§ **PROBLEM STATEMENT**
What you give back should be exactly the lines from the one with "Rooster Rojo - Tequila blanco - (70cl)" through the end of the data, without the pictures.

BEGIN DATA TO EXAMINE

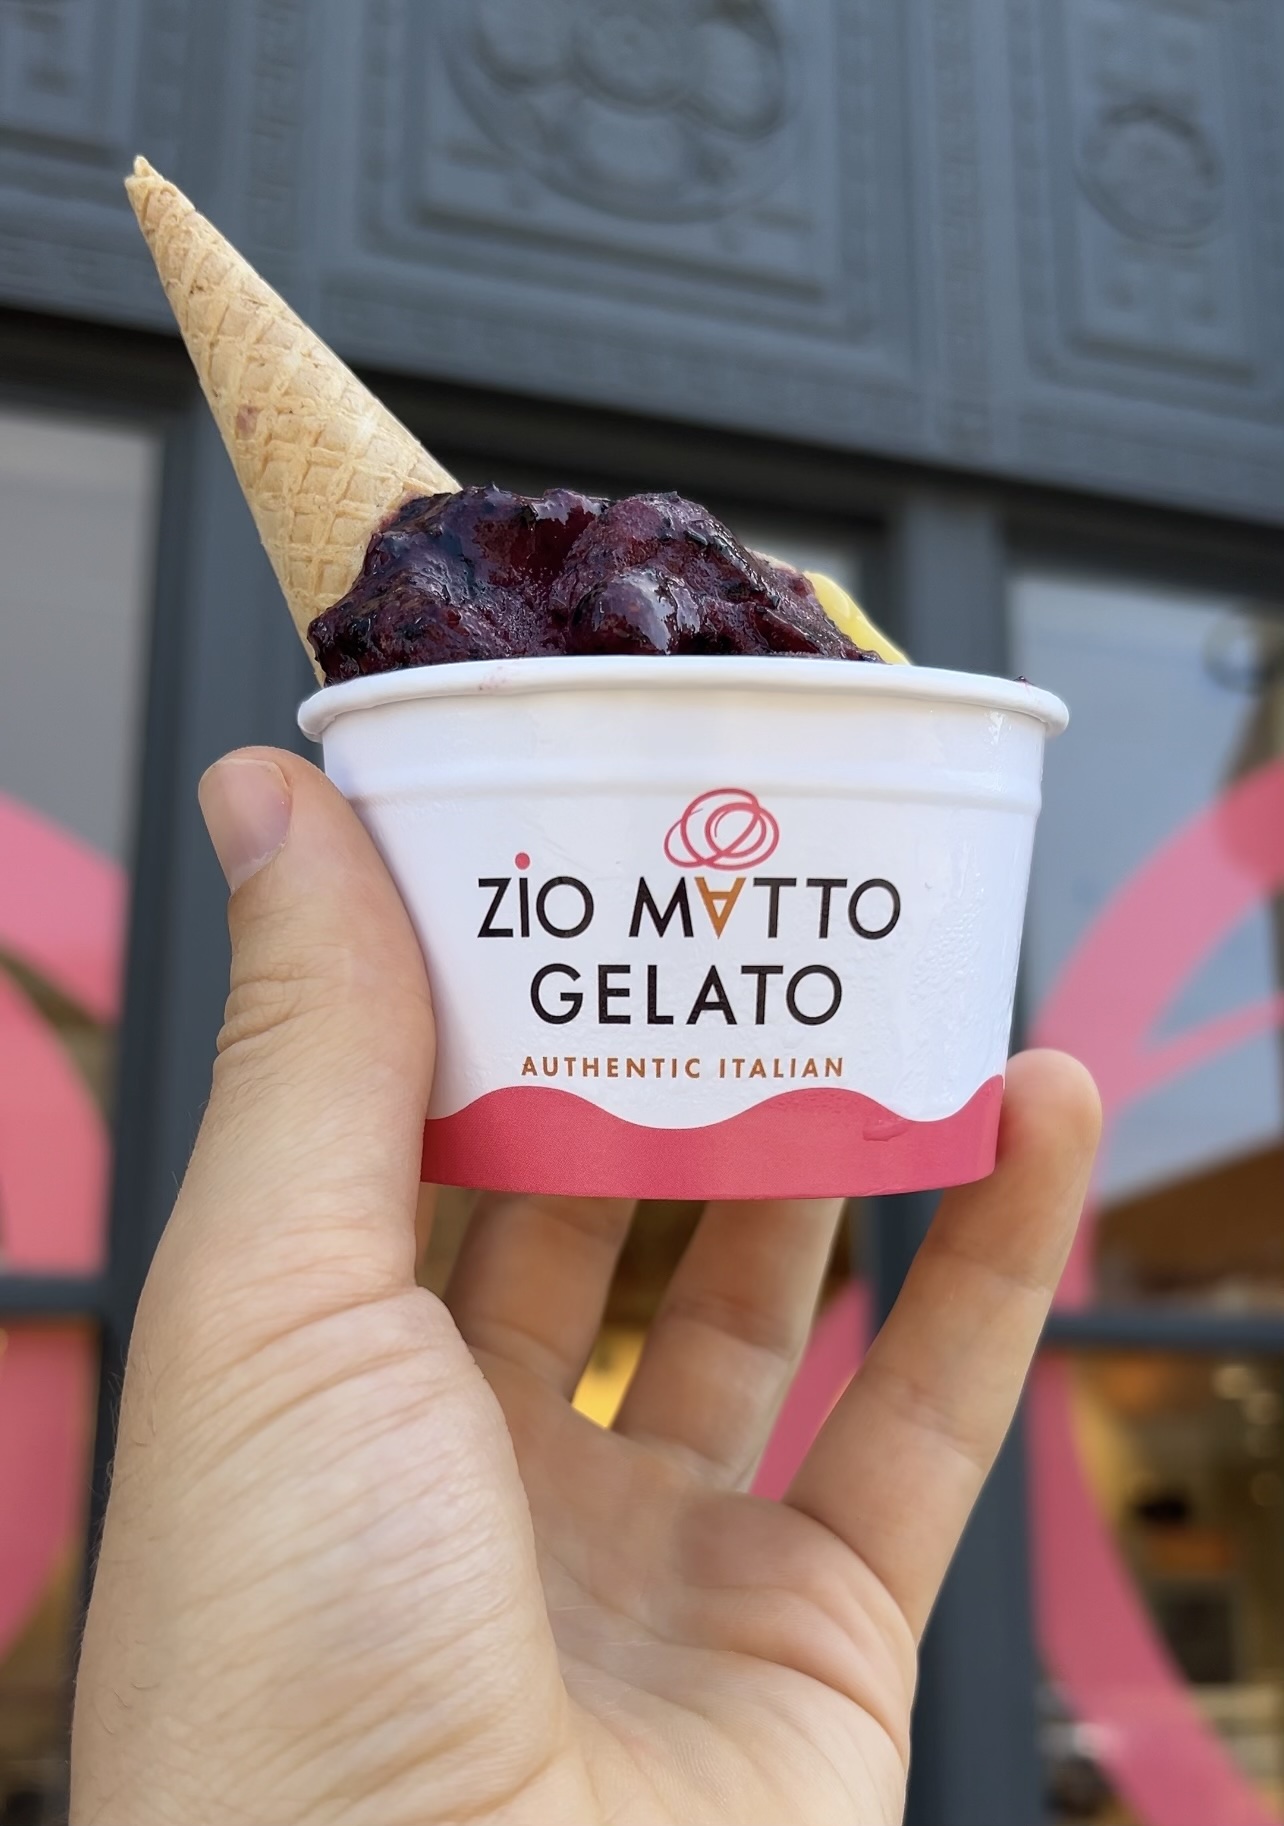 Hand holding a cup of Zio Matto Gelato with a waffle cone inserted. The gelato appears to be a dark berry flavor. The background shows a store facade, making it a must-try from the Ultimate Guide to Frozen Treats in Memphis.
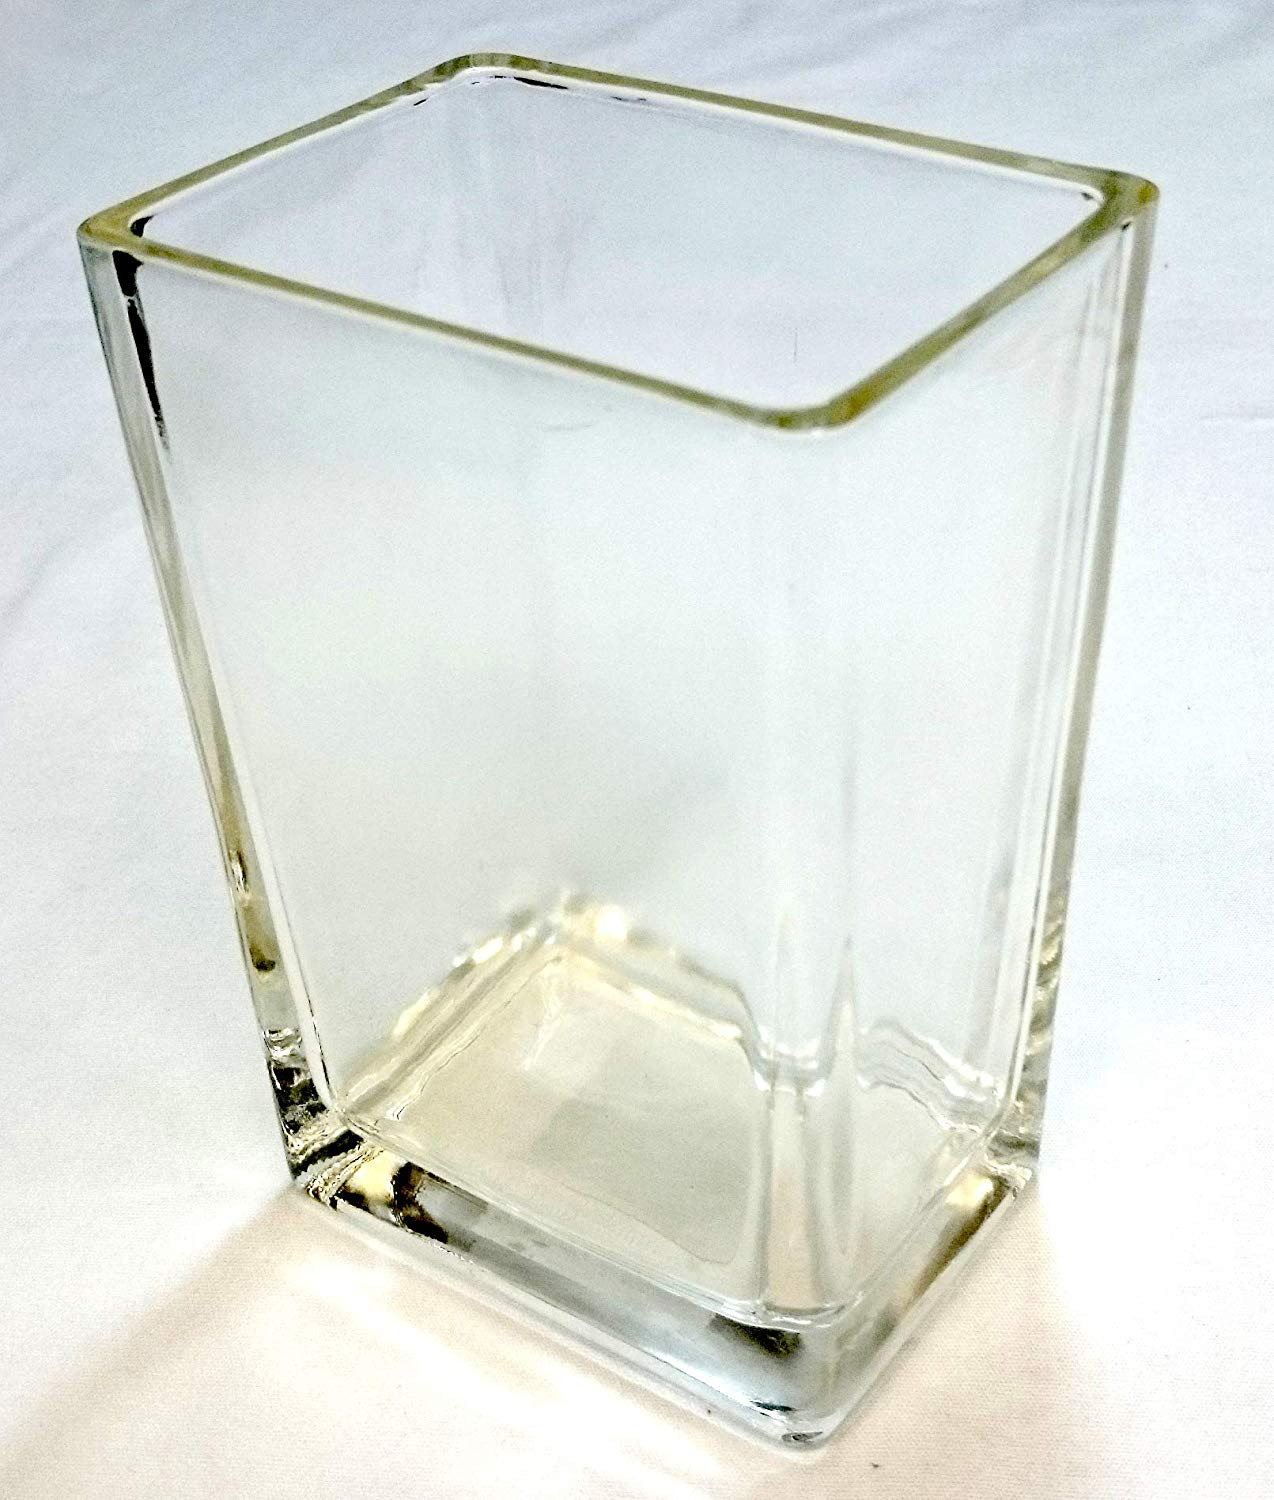 6x6 cylinder vase of amazon com concord global trading 6 rectangle 3x4 base glass vase within amazon com concord global trading 6 rectangle 3x4 base glass vase six inch high tapered clear pillar centerpiece 6x4x3 candleholder home kitchen
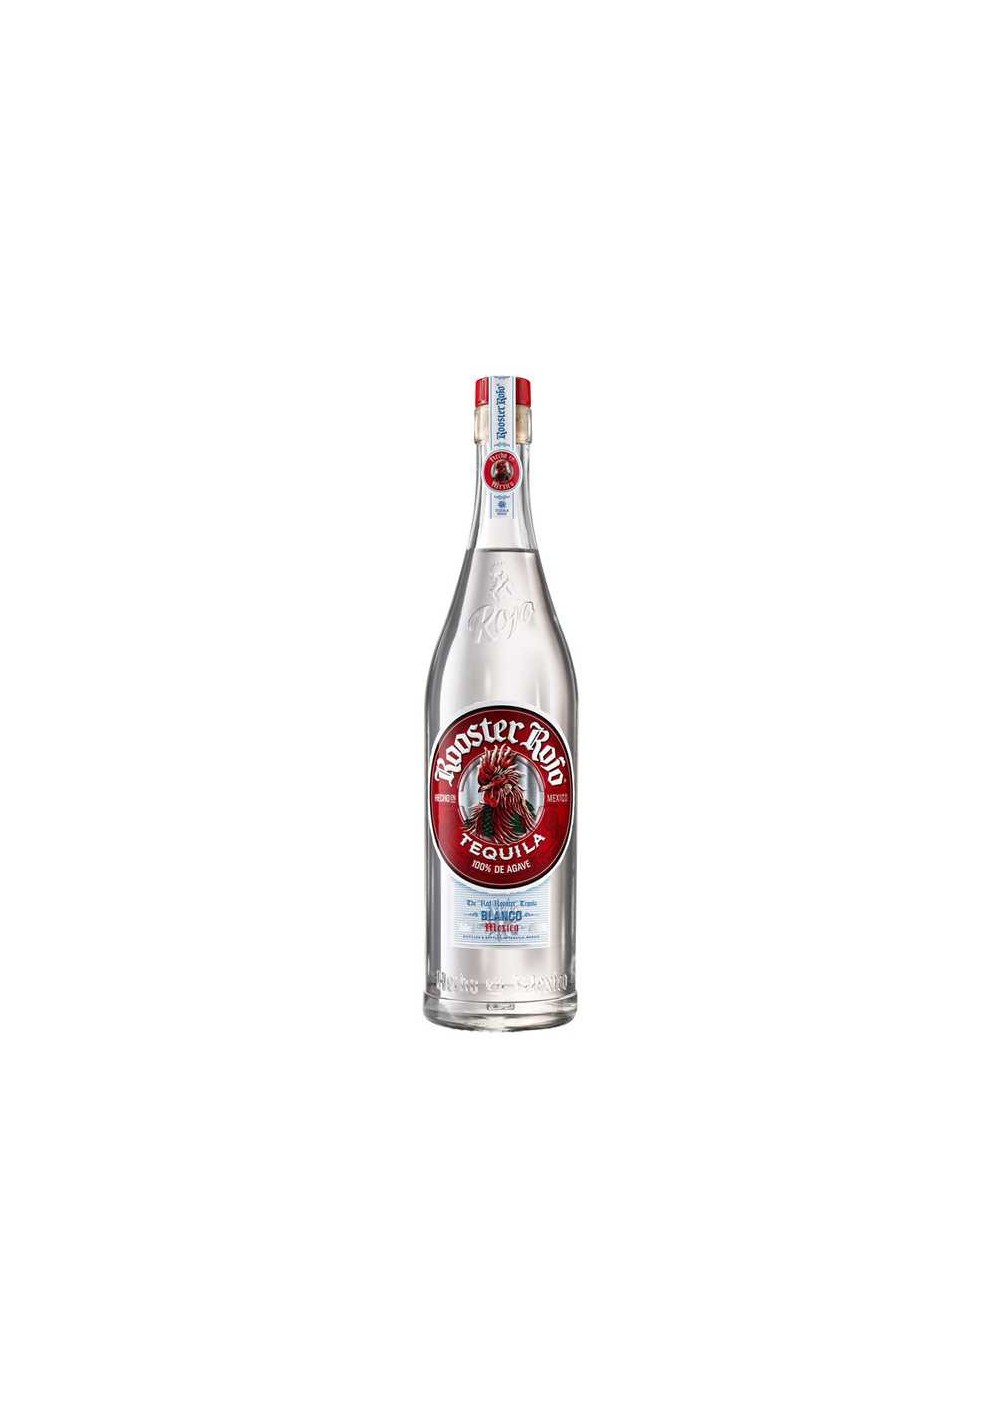 Rooster Rojo - Tequila blanco - (70cl)
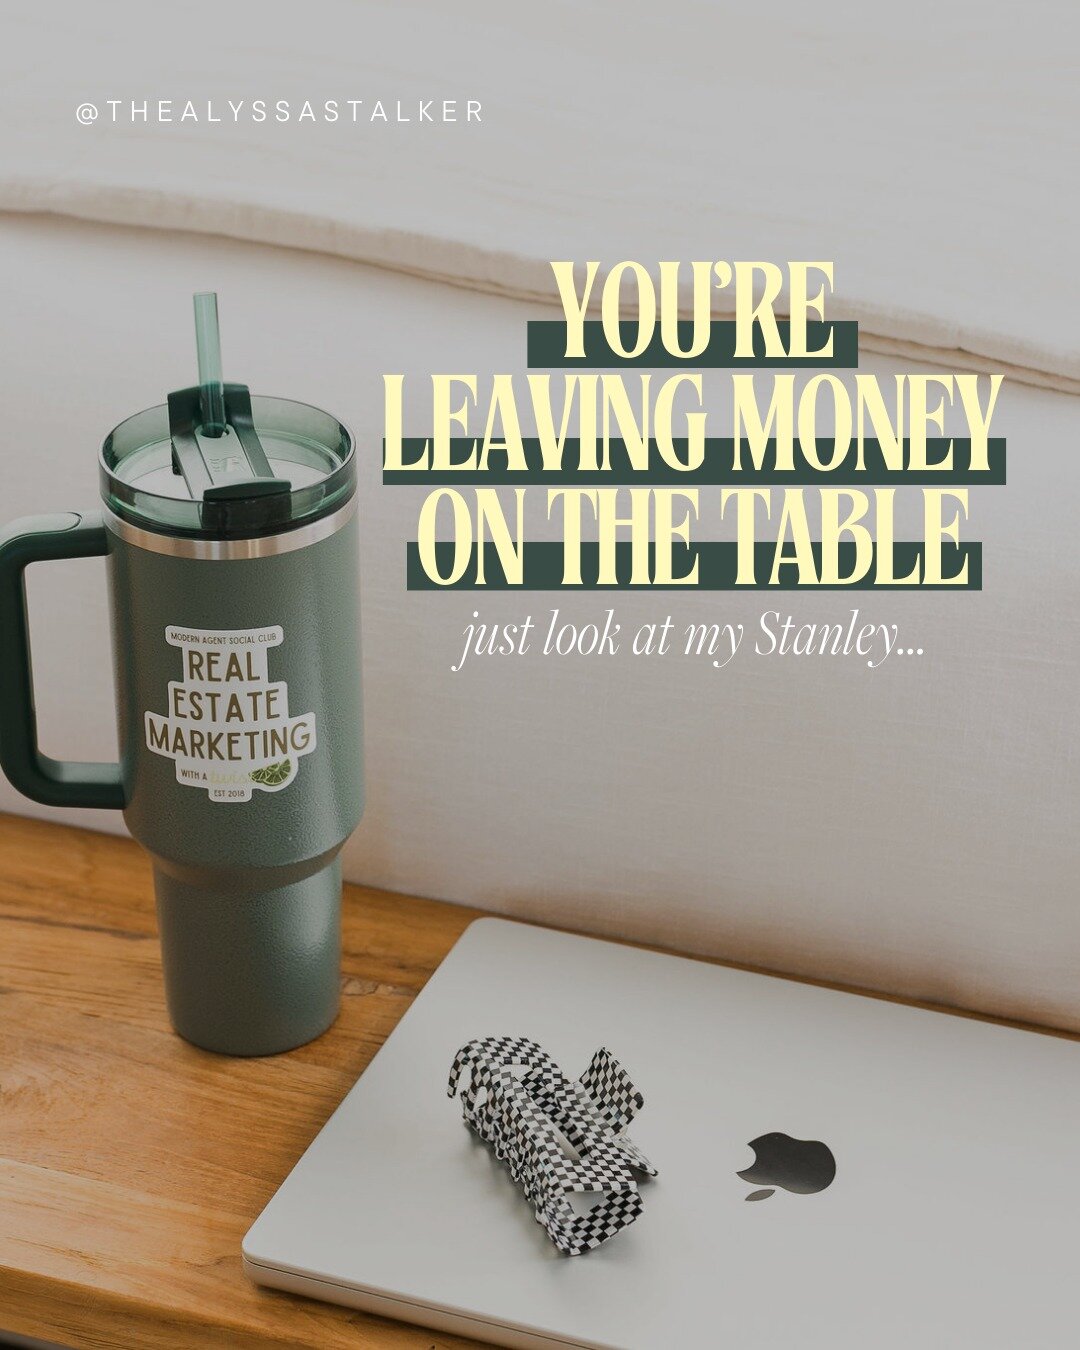 IF YOUR STANLEY COULD TALK it would say two things ✌️

1 - Youneed me in another color! And...

2 - You can&rsquo;t afford to miss the mark when marketing your home.

And your Stanley would know.

The 40oz Stanley tumbler has been first hit the marke

END DATA TO EXAMINE

§ **WRITTEN RESPONSE**
 Rooster Rojo - Tequila blanco - (70cl)
 IF YOUR STANLEY COULD TALK it would say two things ✌️

1 - Youneed me in another color! And...

2 - You can&rsquo;t afford to miss the mark when marketing your home.

And your Stanley would know.

The 40oz Stanley tumbler has been first hit the marke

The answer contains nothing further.